### SOURCE MATERIAL
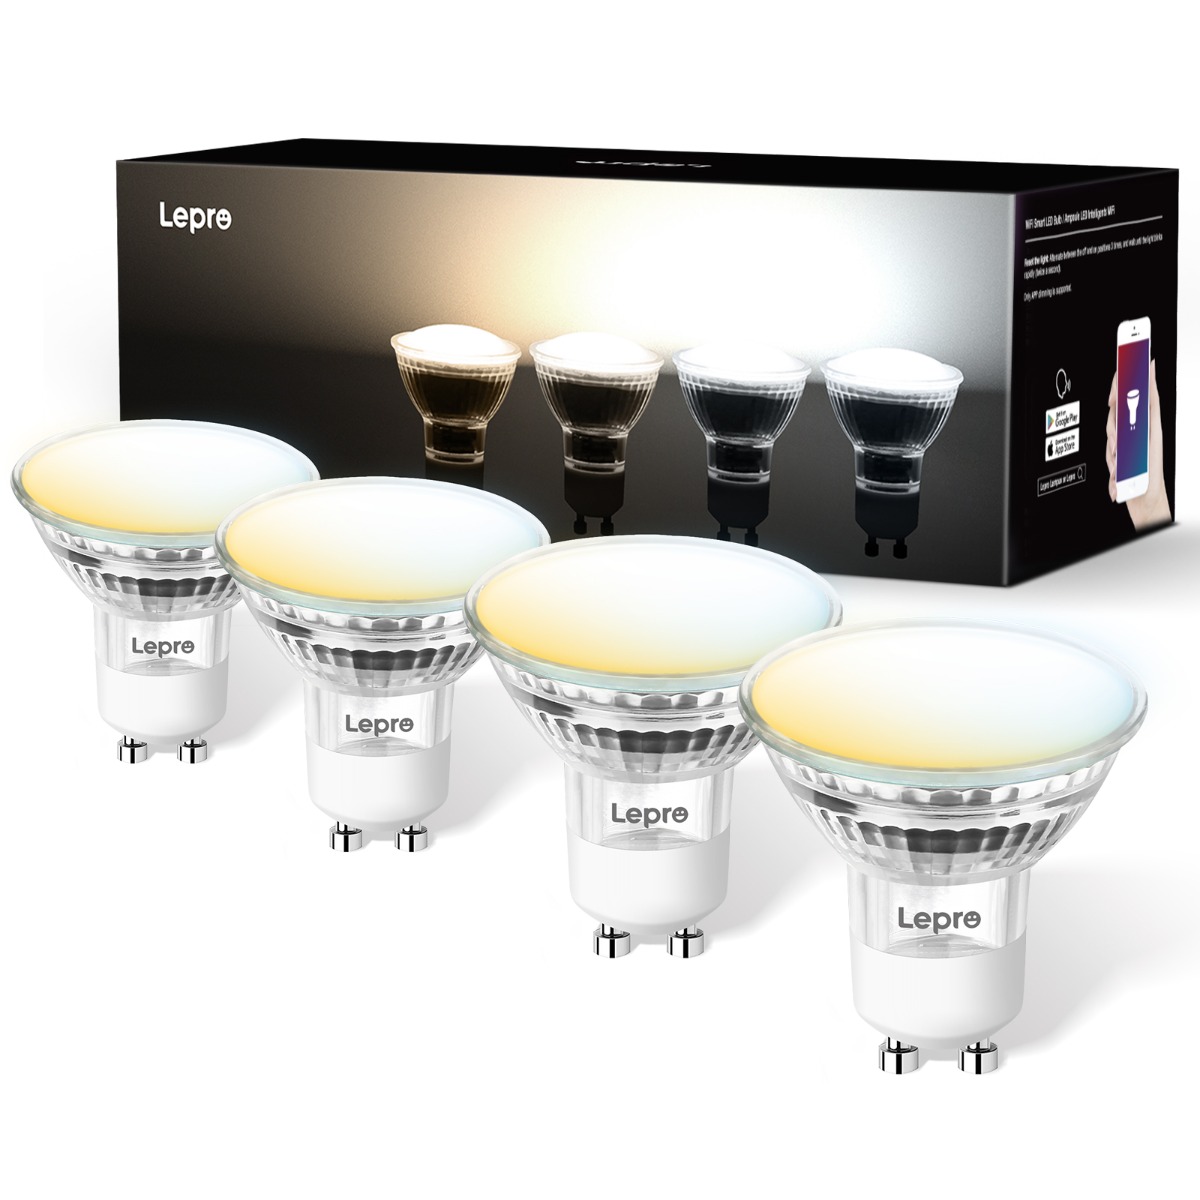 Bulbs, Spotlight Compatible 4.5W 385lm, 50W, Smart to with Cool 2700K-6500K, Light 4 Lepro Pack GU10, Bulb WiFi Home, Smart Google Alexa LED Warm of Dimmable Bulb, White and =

---

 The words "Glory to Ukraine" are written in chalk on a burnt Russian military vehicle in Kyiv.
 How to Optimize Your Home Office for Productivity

### EXERCISE OBJECTIVE
Of the entries above, repeat exactly the lines between the line with "vehicle in Kyiv." and the line with "How to Optimize", inclusive, and no others.

### RESULT FOR THIS TASK
 The words "Glory to Ukraine" are written in chalk on a burnt Russian military vehicle in Kyiv.
 How to Optimize Your Home Office for Productivity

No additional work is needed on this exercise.